# Hanging on boot, but I know what the problem is--just need help with the boot loader



## ideogon (Mar 14, 2009)

I just upgraded from 7.0 to 7.1, but I forgot to take any precautions to preserve my network driver (myk0), which I had to install to replace the inoperable msk0 driver for my Marvell Yukon ethernet controller.  I don't even remember how (I think through gross luck) that I eventually made it through a boot and was able to navigate the file system and install the replacement driver from a thumb drive!  I'm stuck in not being able to load.
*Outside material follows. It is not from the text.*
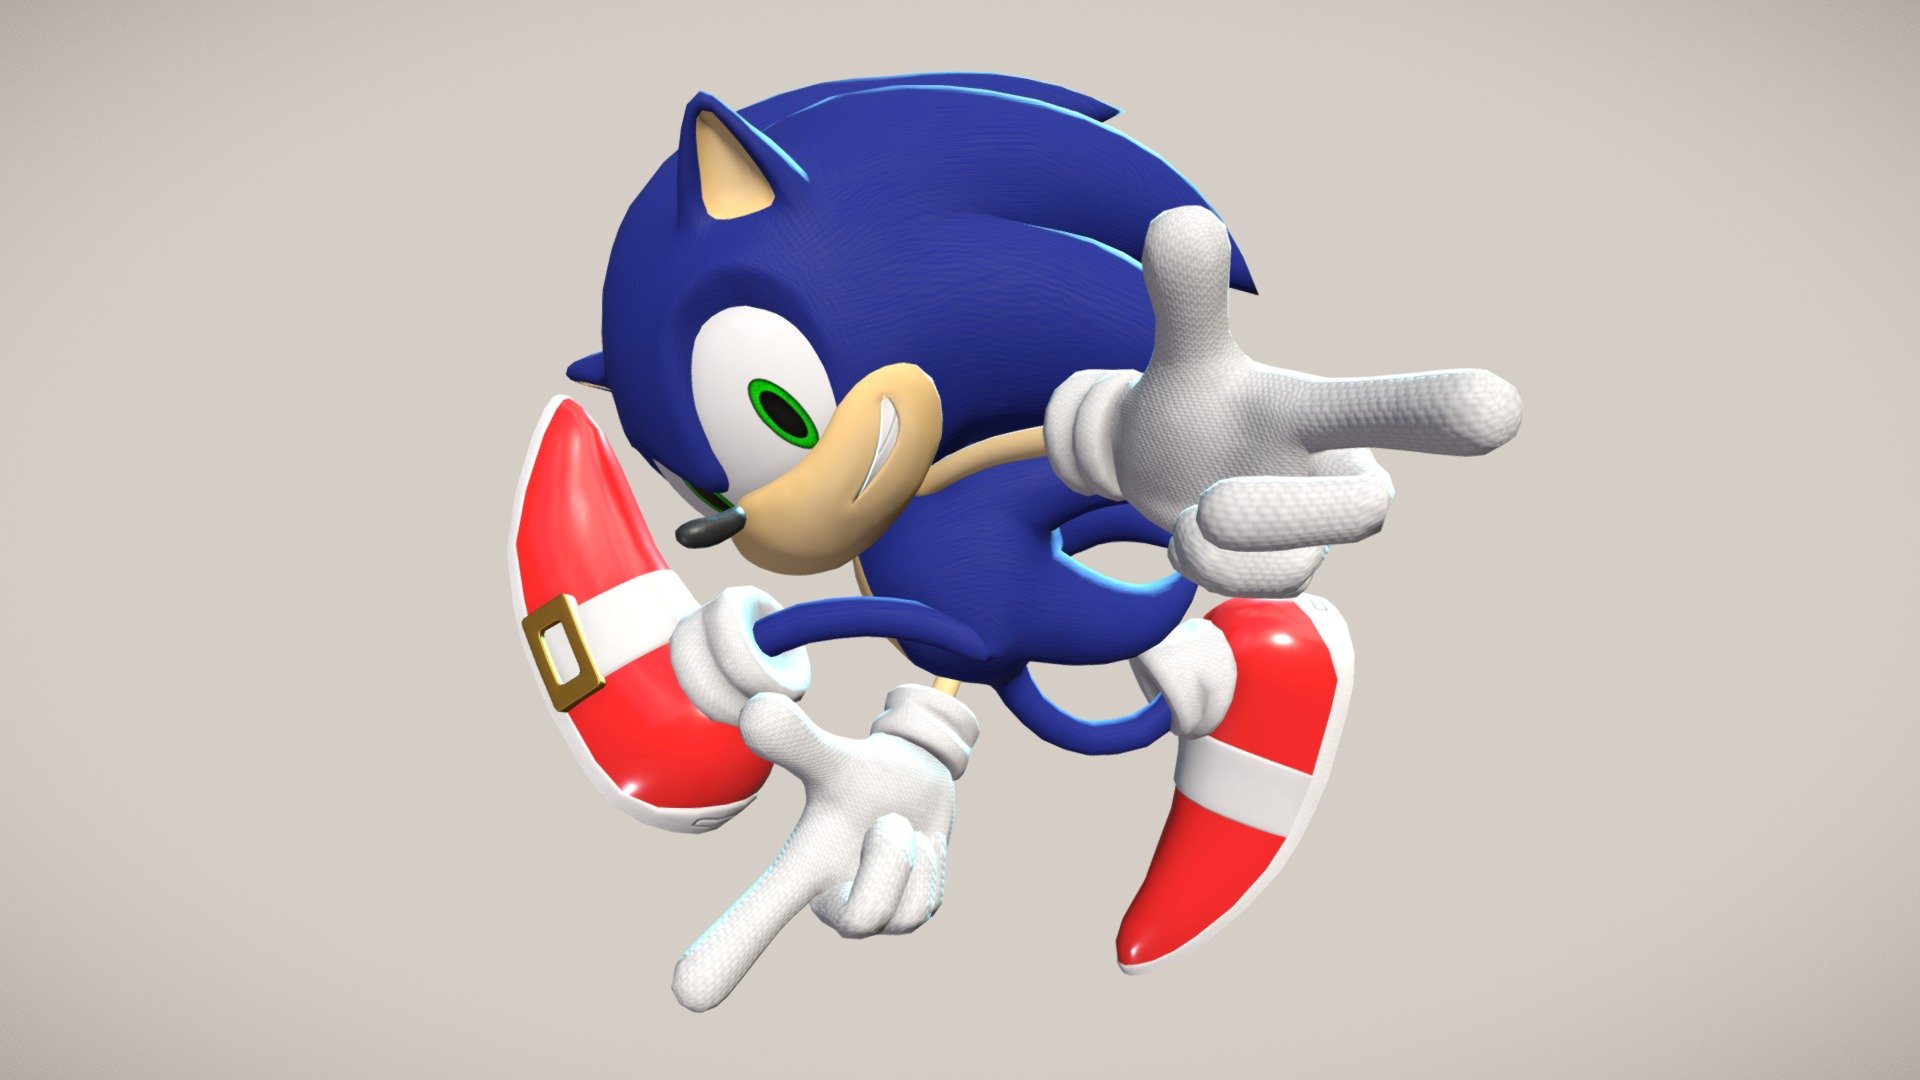 Dreamcast Sonic - 3D model by Kolunio [8b639b9] - Sketchfab

I tried to use the boot loader prompt (typing 6 at the FreeBSD loader menu) to no avail.  I tried to disable the if_msk module, but when I boot it just tries to load that damned useless driver again.  Perhaps I'm just doing something wrong in the boot loader, or perhaps there's a better way?  If I can just boot SOMEHOW, I can re-install that driver, but I just don't have that access right now.

Please help!  Very frustrated in having gone so far to hit the same brick wall I've already conquered!  Thanks in advance!


----------



## ideogon (Mar 14, 2009)

I've figured out how to disable or enable the proper modules (if_msk and if_myk, respectively) and set variables as necessary.  However, I think I may have unknowingly installed something to do with IPv6, which I probably don't have configured in my network?  Now I get to:

Setting hostname: dev.ideogon.com.
net.inet6.ip6.auto_linklocal: 1 -> 0


----------



## ideogon (Mar 14, 2009)

At this point, I just want to load ONLY the kernel.  I think I can figure it out from there on...How do I do that?  Please!!!


----------



## Mel_Flynn (Mar 14, 2009)

Load a livecd.
fsck the drive
mount the root partition rw
rm /boot/kernel/if_msk.ko
adjust /boot/loader.conf


----------



## pamdirac (Mar 14, 2009)

ideogon said:
			
		

> ... I tried to use the boot loader prompt (typing 6 at the FreeBSD loader menu) to no avail ...



you don't have the menu "Escape to a loader prompt"? :q

try to boot from installation cd and repair the installation.
If you can enter  the menu "Escape to a loader prompt", you must type "unload kernel" and then type "boot <path_to_a_good_kernel>"


----------